Furthermore, America shouldn't just stimulate for its own sake, but for the world's. Outside of China, we are the globe's biggest source of demand, buying up a huge portion of everyone else's exports. With China's consumption dropping, and consumption in other areas hit by COVID-19 sure to fall as well, the world will need us to fill in the money hole to keep the healthy parts of the global economy cranking along. Indeed, other countries should be stimulating too: Europe in particular is in the economic doldrums entirely due to self-inflicted wounds. If the European Central Bank and the eurozone financial system eased up on borrowing limits for countries, and if European policymakers permitted deficit spending again on a large scale, the continent could power itself back to economic health, and inoculate itself against at least some of the economic after-effects of the coronavirus' spread.
Finally, we should think about longer-term policy changes that could help prevent future outbreaks.
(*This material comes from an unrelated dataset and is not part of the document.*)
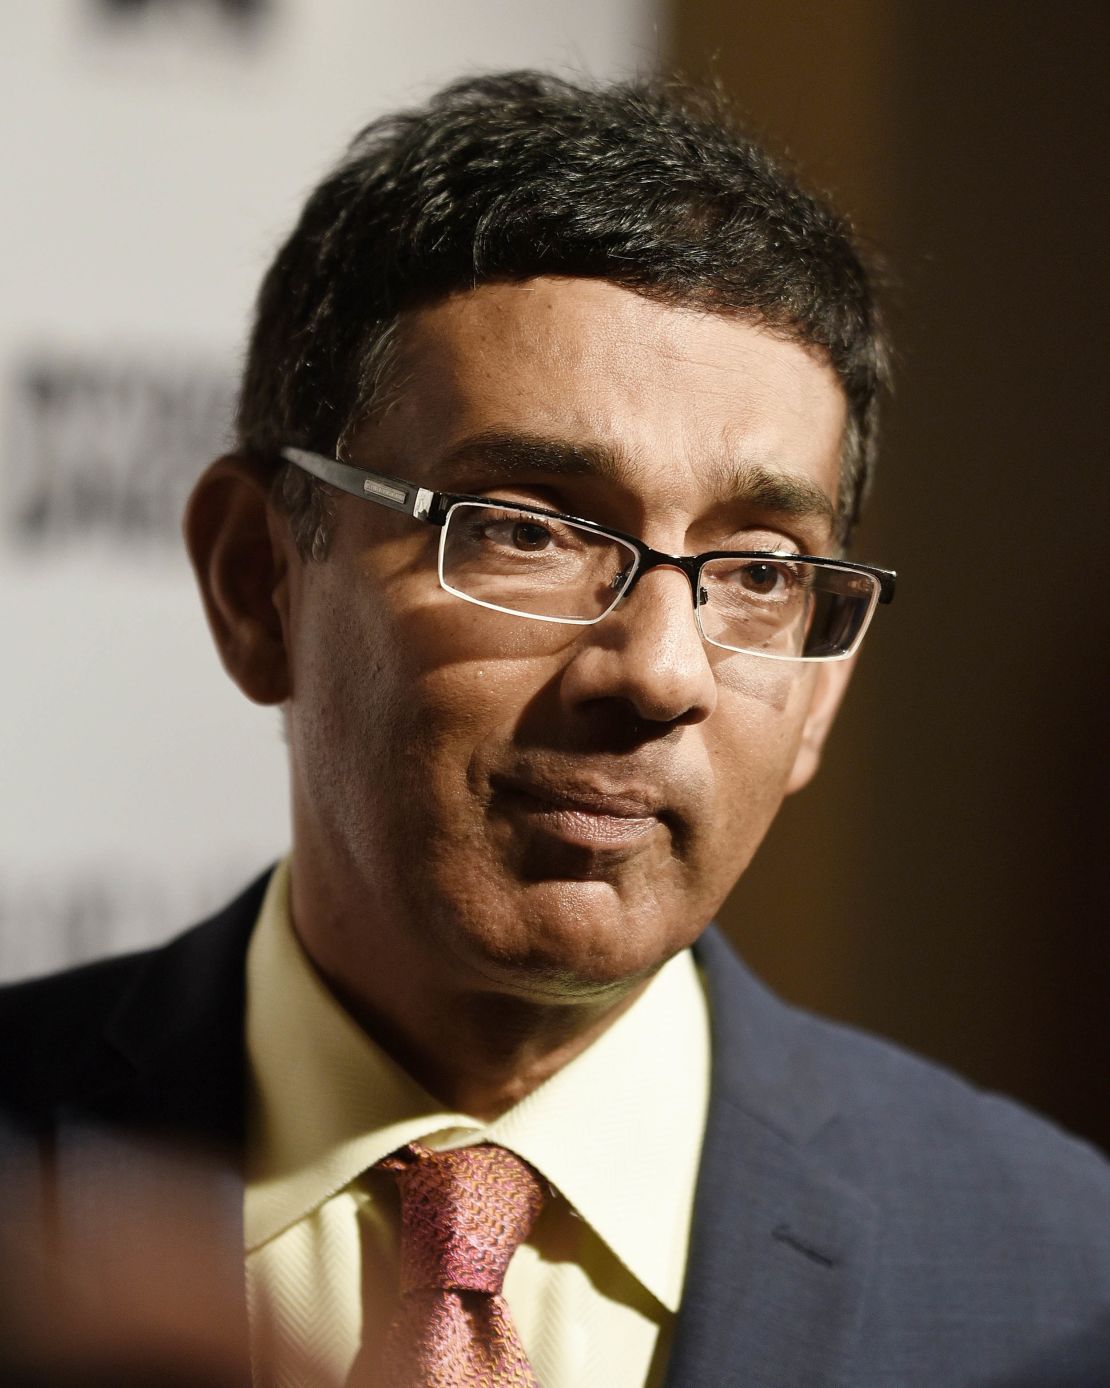 Dinesh D'Souza attends the premiere of his film, "Death of a Nation," at E Street Cinema in August 2018 in Washington, DC.

For instance, if the U.S. had a national paid sick leave system, employees would not feel nearly so much pressure to come into work when they're ill or showing symptoms. And guaranteeing affordable health care access for all Americans, such as with a Medicare-for-all program, would allow everyone to get treated as soon as possible when they think they might be sick, as opposed to forgoing a doctor visit entirely in order to avoid the costs. And our failures to properly regulate market structures or enforce antitrust law have left us with highly-concentrated and monopolized global supply chains with little redundancy; we're vulnerable to shortages and collapse if one key part goes down.
As an economic correspondent, writing about the coronavirus is tough: You want to walk a line between realistically assessing the risks while also avoiding undue alarmism. Trump economic advisor Larry Kudlow may have brushed off the need for stimulus, saying the outbreak isn't likely to become an "economic tragedy." But when it comes to COVID-19, moving now with an aggressive emergency-style stimulus is the best way to ensure that prediction actually comes true.